PROVIDED DATA:
★ ★ ★

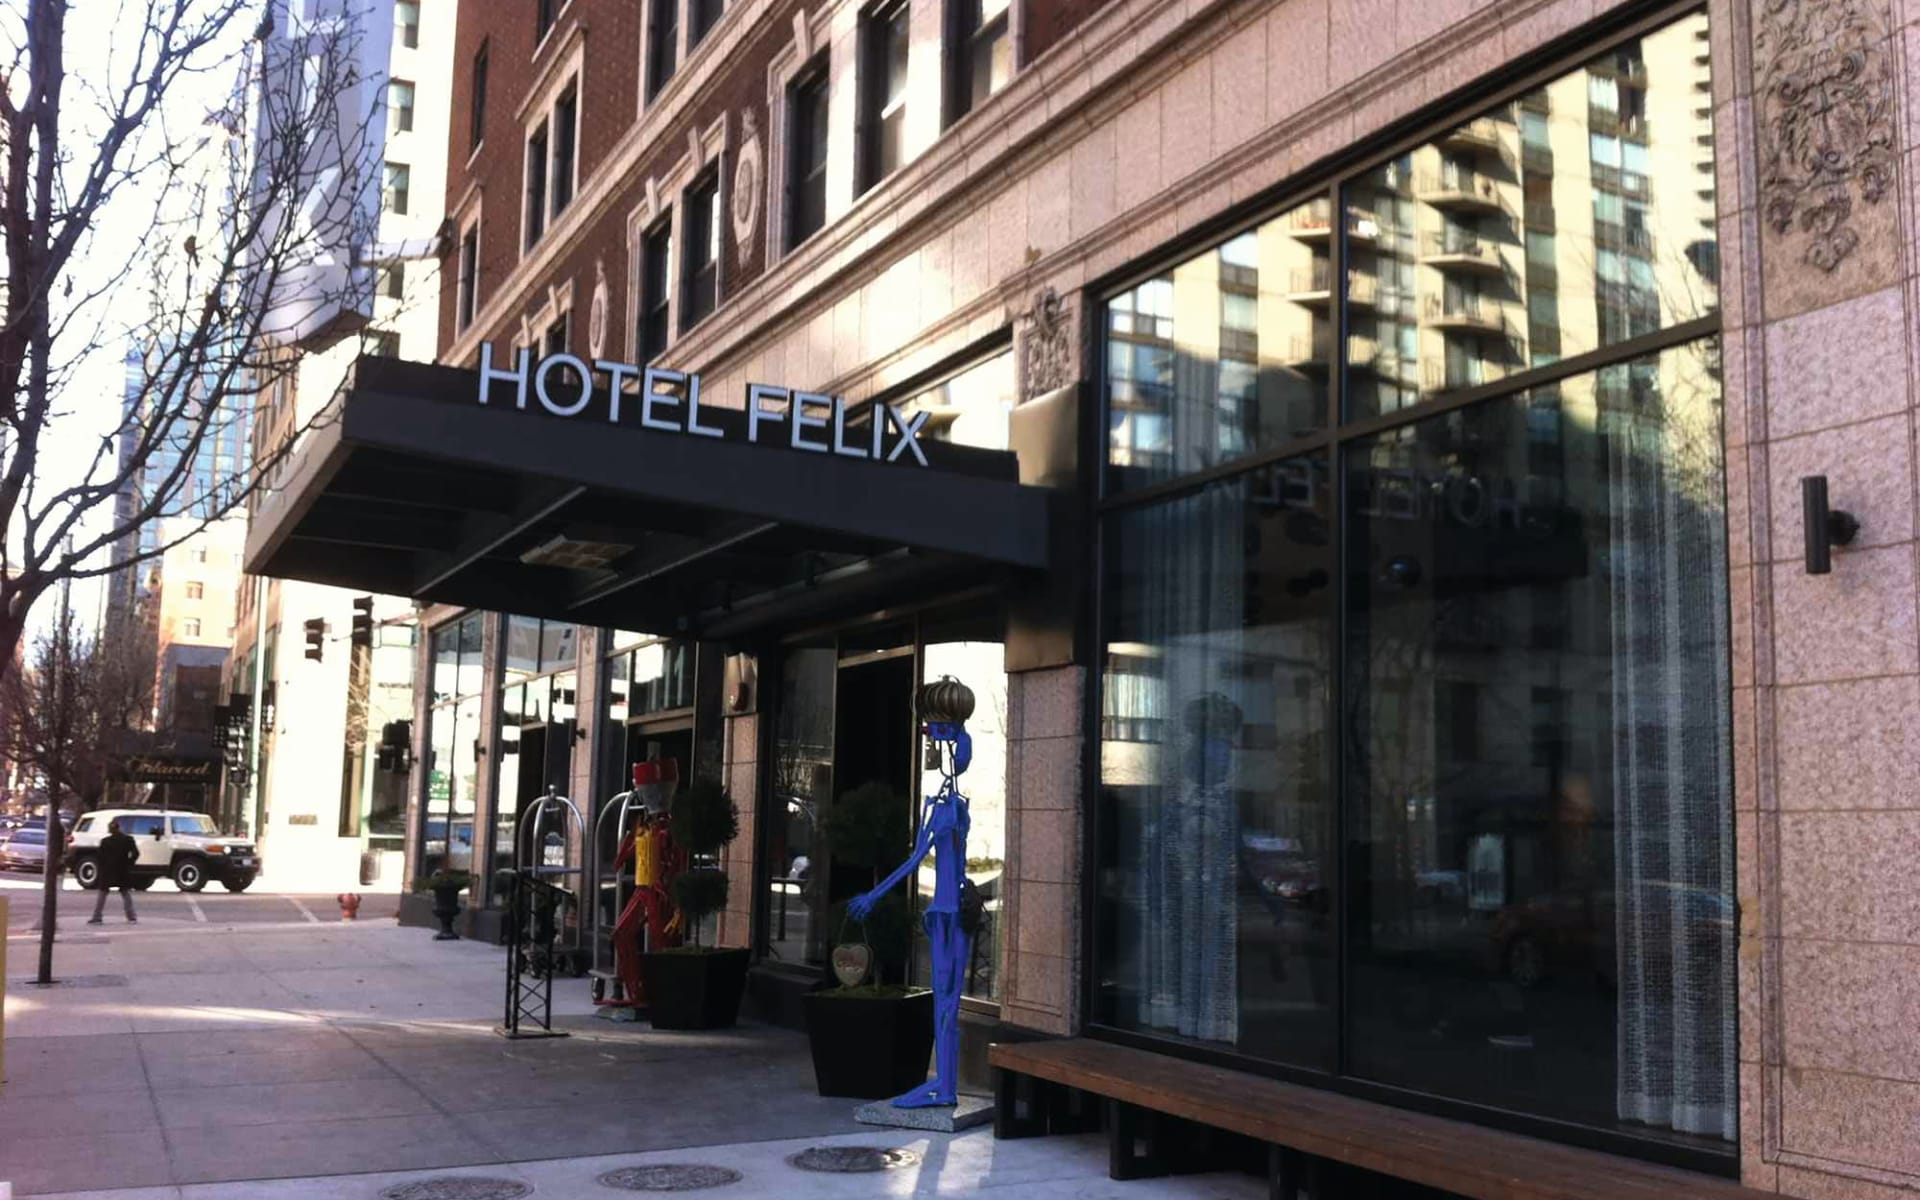 Hotel Felix in Chicago:  Hotel Felix_Aussenansicht_nicht für Internet verwenden
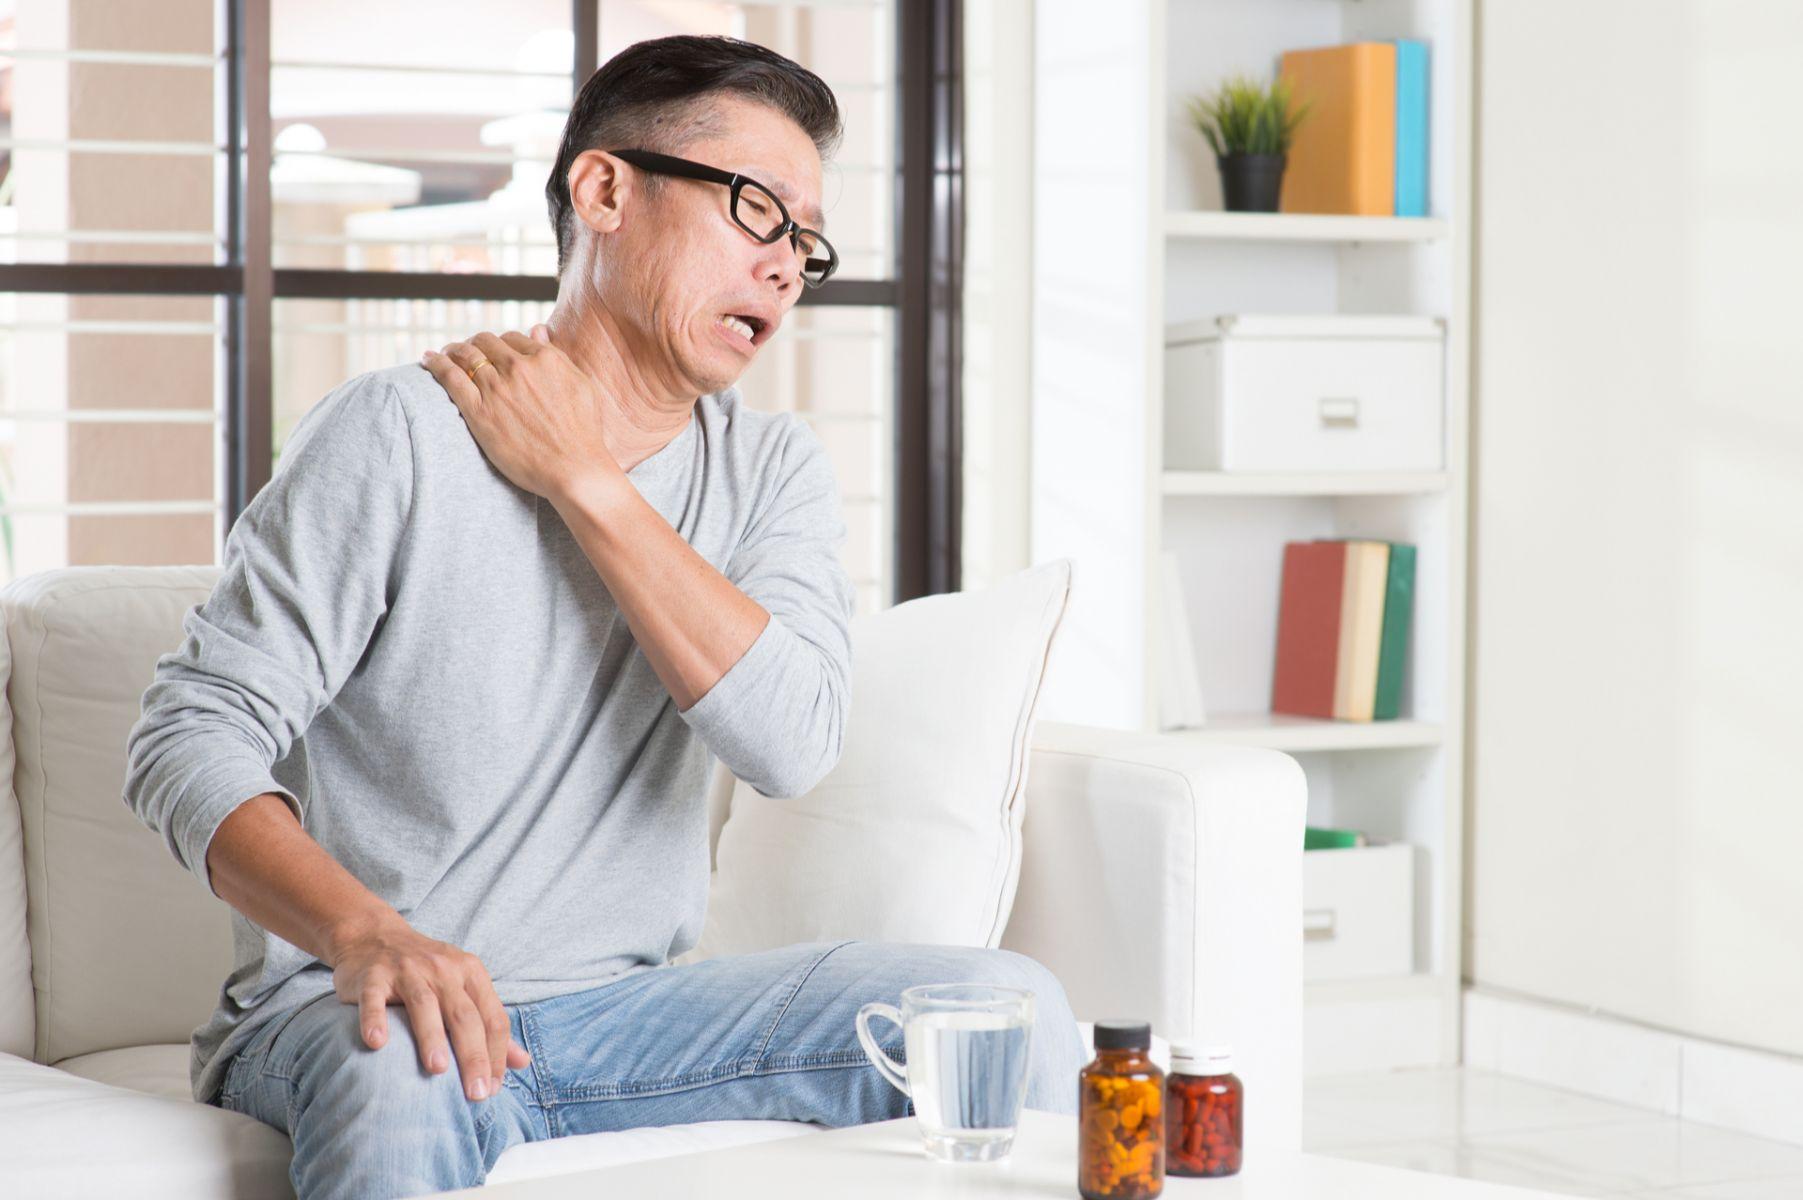 怎麼按摩都沒效?當心肩頸緊繃是焦慮症惹的禍
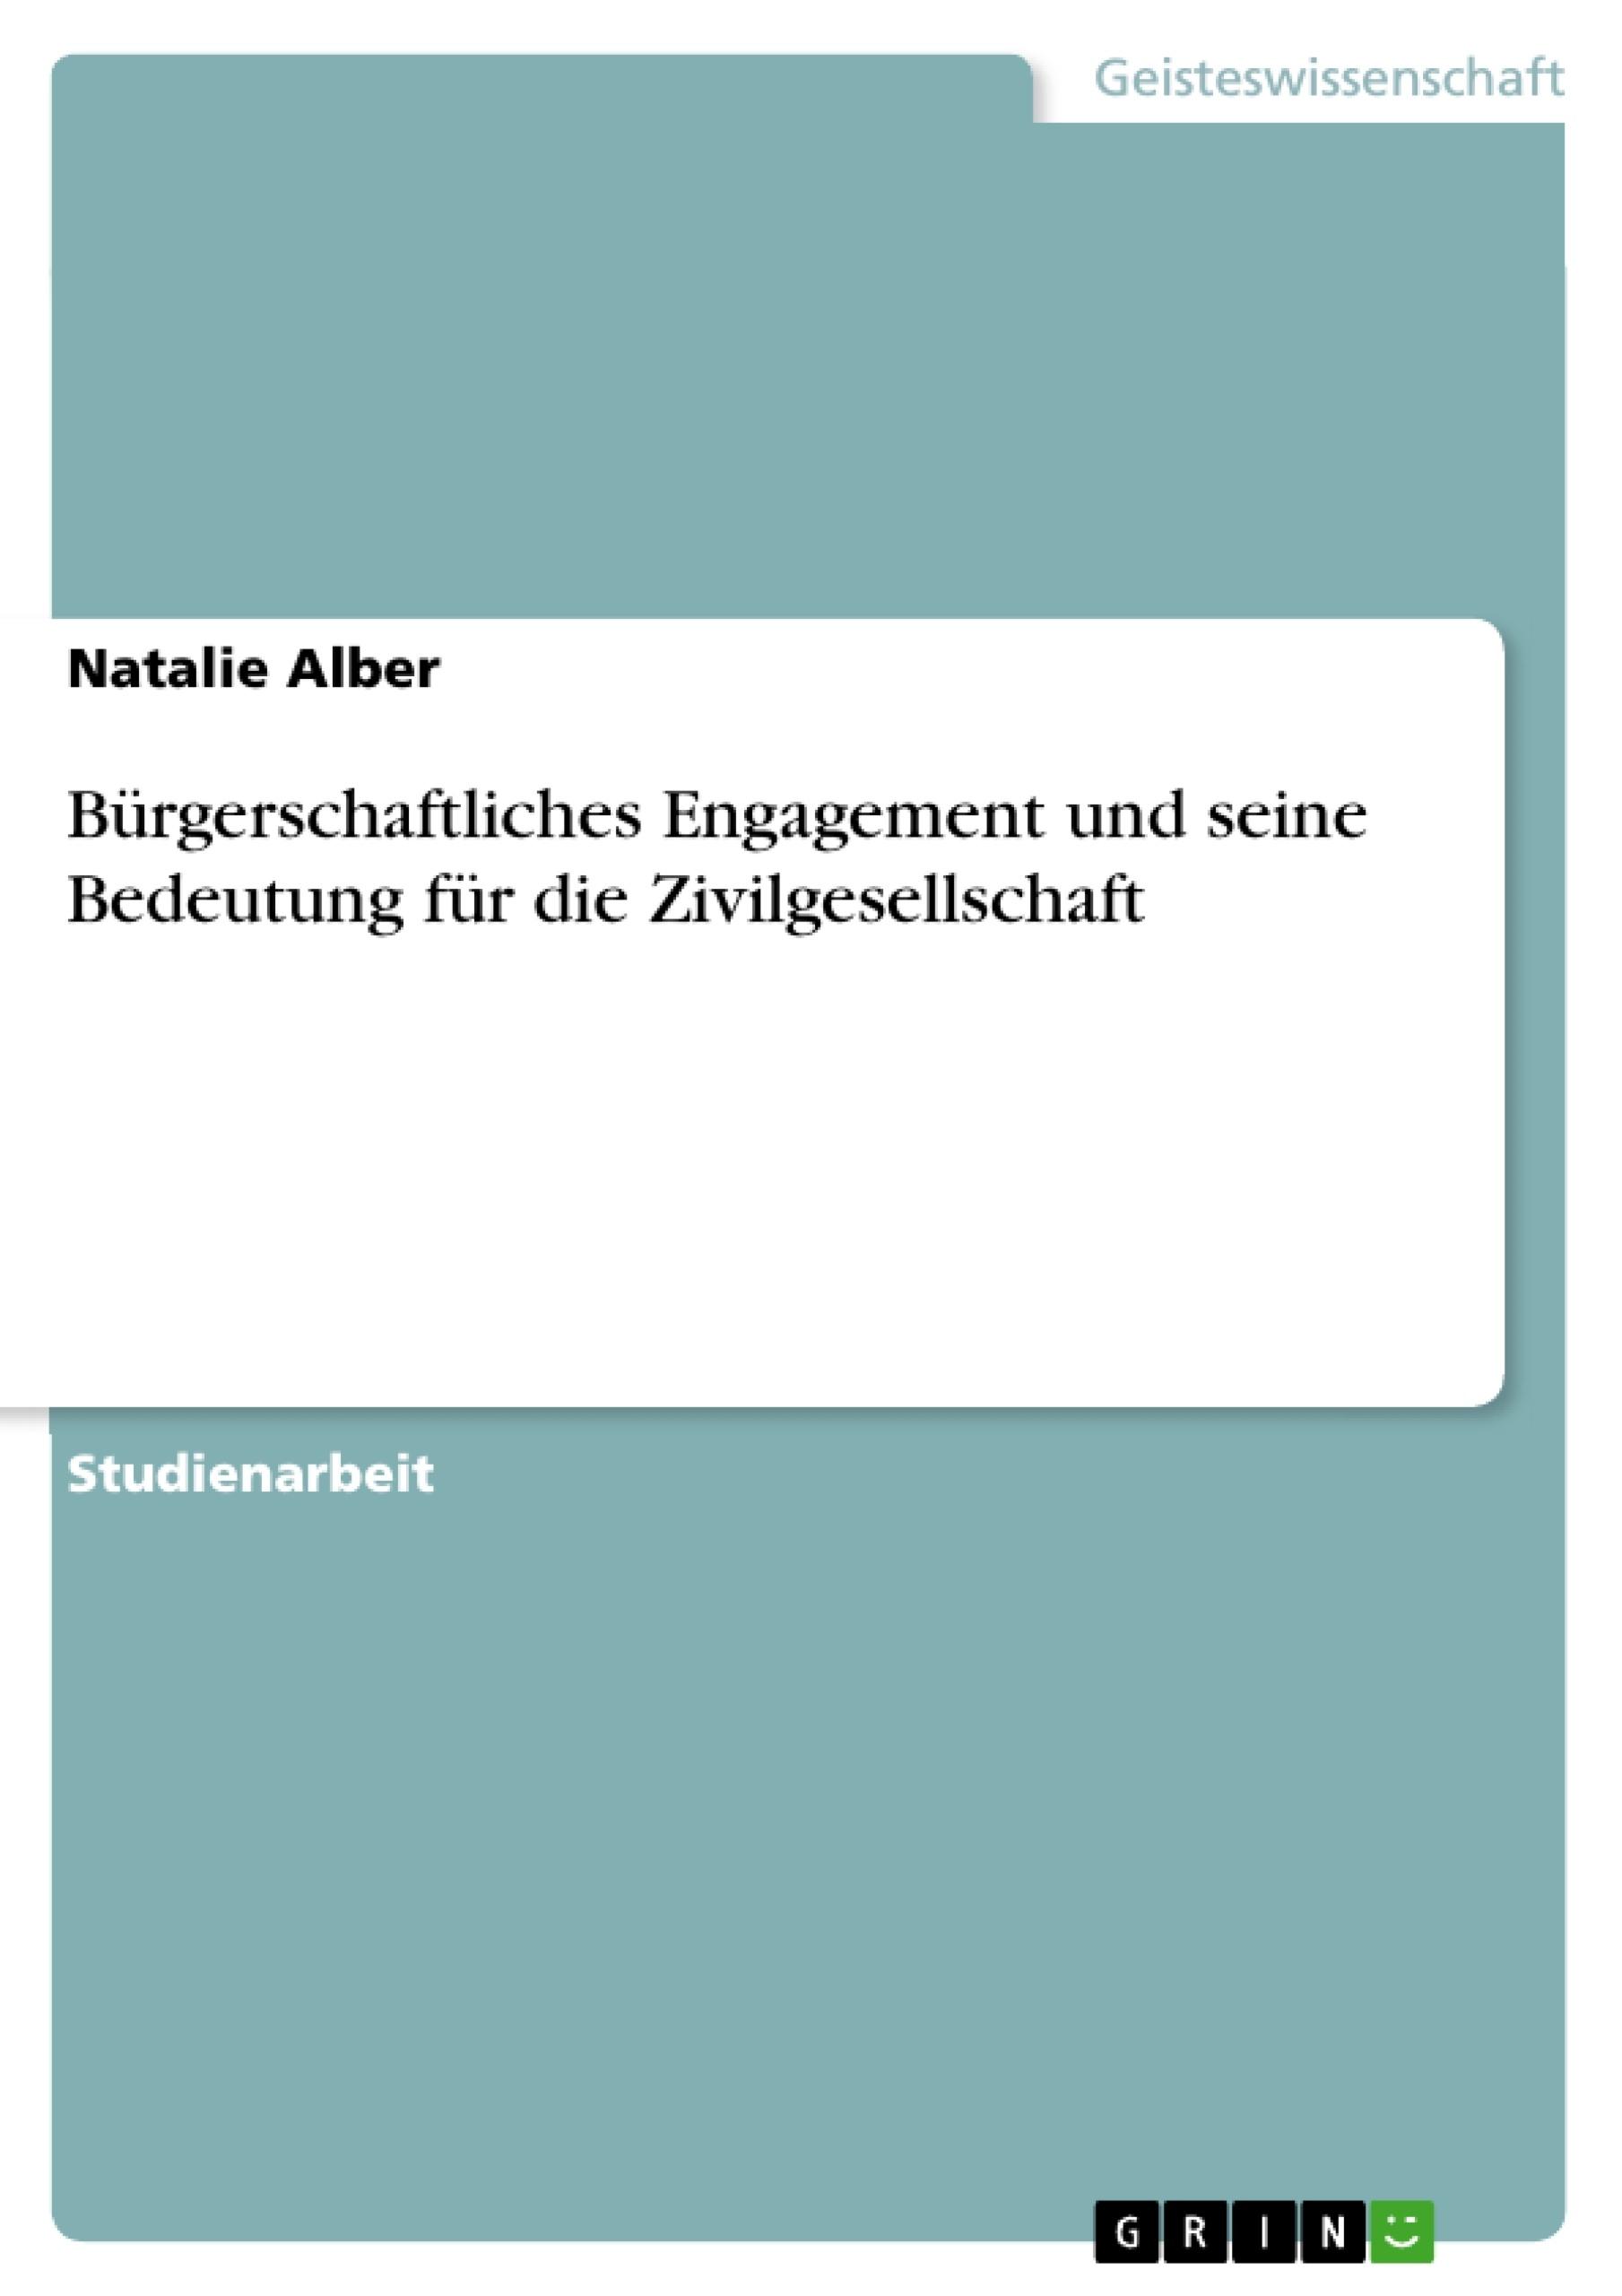 Titel: Bürgerschaftliches Engagement und seine Bedeutung für die Zivilgesellschaft

★ ★ ★

EXERCISE BRIEF:
Could the data above be reproduced exactly, with the pictures left out?

TASK ANSWER:
 Hotel Felix in Chicago:  Hotel Felix_Aussenansicht_nicht für Internet verwenden
 怎麼按摩都沒效?當心肩頸緊繃是焦慮症惹的禍
 Titel: Bürgerschaftliches Engagement und seine Bedeutung für die Zivilgesellschaft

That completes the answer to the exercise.